Americans Have Been Bailing Out Foreign Banks for Years … And We’re Getting Ready To Do It Again

Courtesy of Washington’s Blog

As the Wall Street Journal points out, the Federal Reserve might open up its "swap lines" again to bail out the Europeans:

The Fed is considering whether to reopen a lending program put in place during the financial crisis in which it shipped dollars overseas through foreign central banks like the European Central Bank, Swiss National Bank and Bank of England. The central banks, in turn, lent the dollars out to banks in their home countries in need of dollar funding. It was aimed at preventing further financial contagion.

The Fed has felt that it is premature to reopen this program — which was shut down in February as the financial crisis appeared to wane — because it wasn’t clear that foreign banks were in need of dollar funds. Still, trading floors on Wall Street are abuzz with anticipation today that the Fed might use the program again as Europe’s problems take on a more global dimension.

***

The international lending lines are known among central bankers as swaps.

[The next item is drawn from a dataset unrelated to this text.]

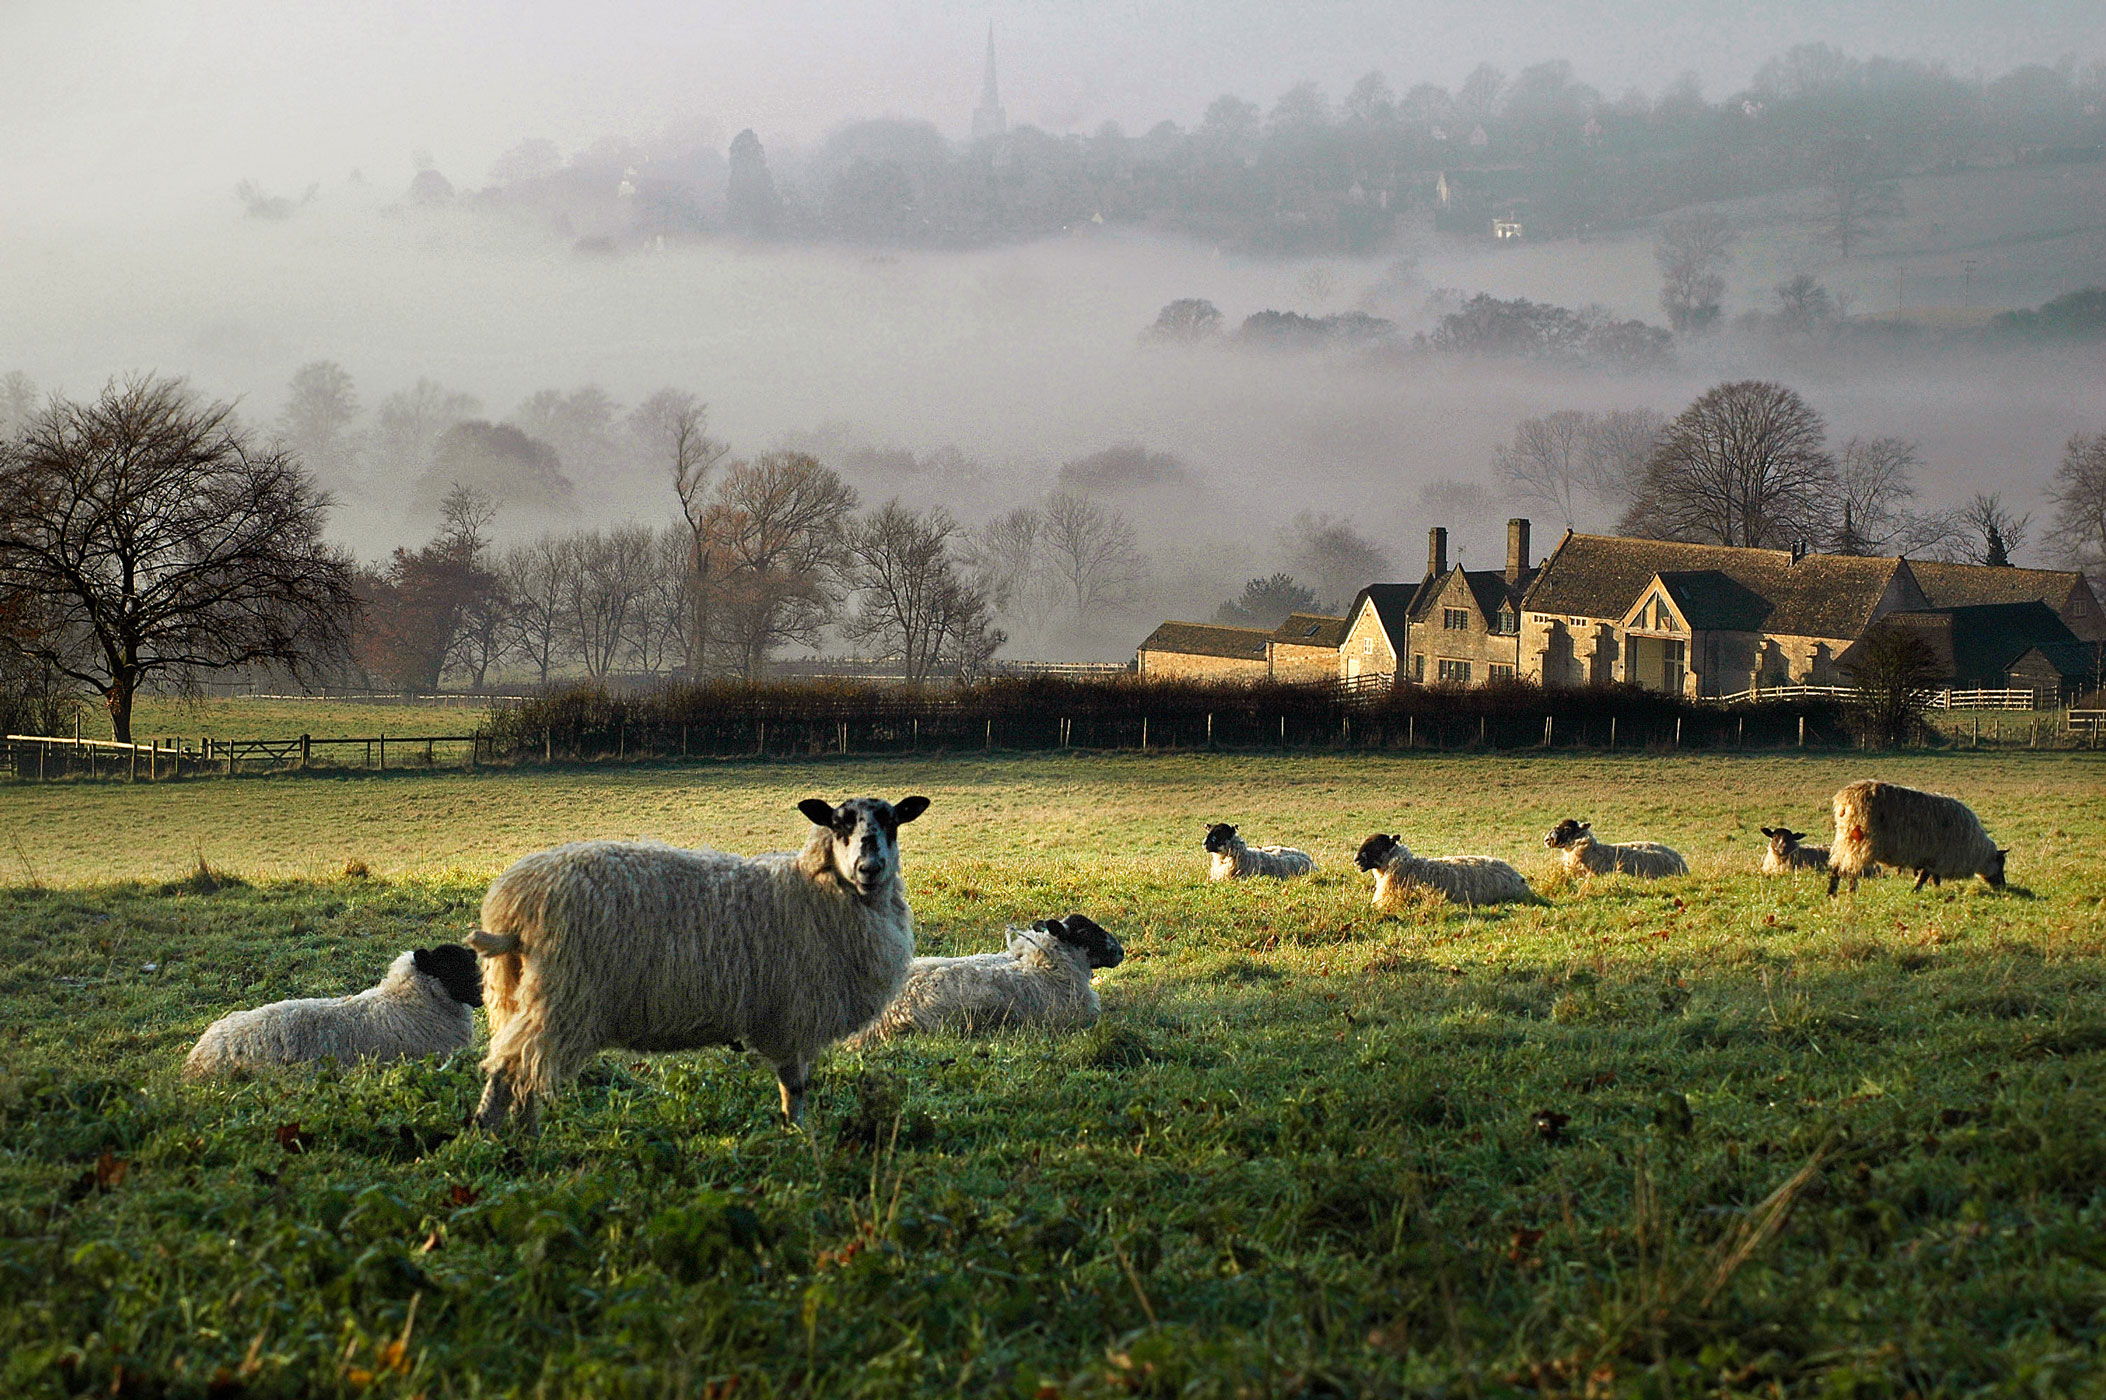 Countryside android. Котсуолдс Англия ферма. Сельская местность в Англии Котсуолд. Йоркшир Англия ферма. Котсуолдс Англия овцы.

Fed officials believe the swap program was one of its most successful interventions aimed at stemming a global crisis, when many banks overseas became strained for dollar funding. In their normal course of business, they borrowed dollars in short-term lending markets and used those dollars to finance holdings of long-term U.S. dollar assets, like Treasury or mortgage bonds. When those markets dried up, the swap lines helped to prevent overseas bank funding crises in 2008.

Fed officials see the swaps as a low-risk program, because its counterparties in these loans are foreign central banks, and not private banks. At a crescendo in the crisis in December 2008, the Fed had shipped $583 billion overseas in the form of these swaps.

Federal ReserveAs the BBC’s Robert Peston writes:

There is talk of the ECB providing some kind of one year repo facility (where government bonds are swapped for 12-month loans) in collaboration with the US Federal Reserve.

See this for more information on swap lines.

Indeed, the Federal Reserve has been helping to bail out foreign central banks and private banks for years.

For example, $40 billion in bailout money given to AIG went to…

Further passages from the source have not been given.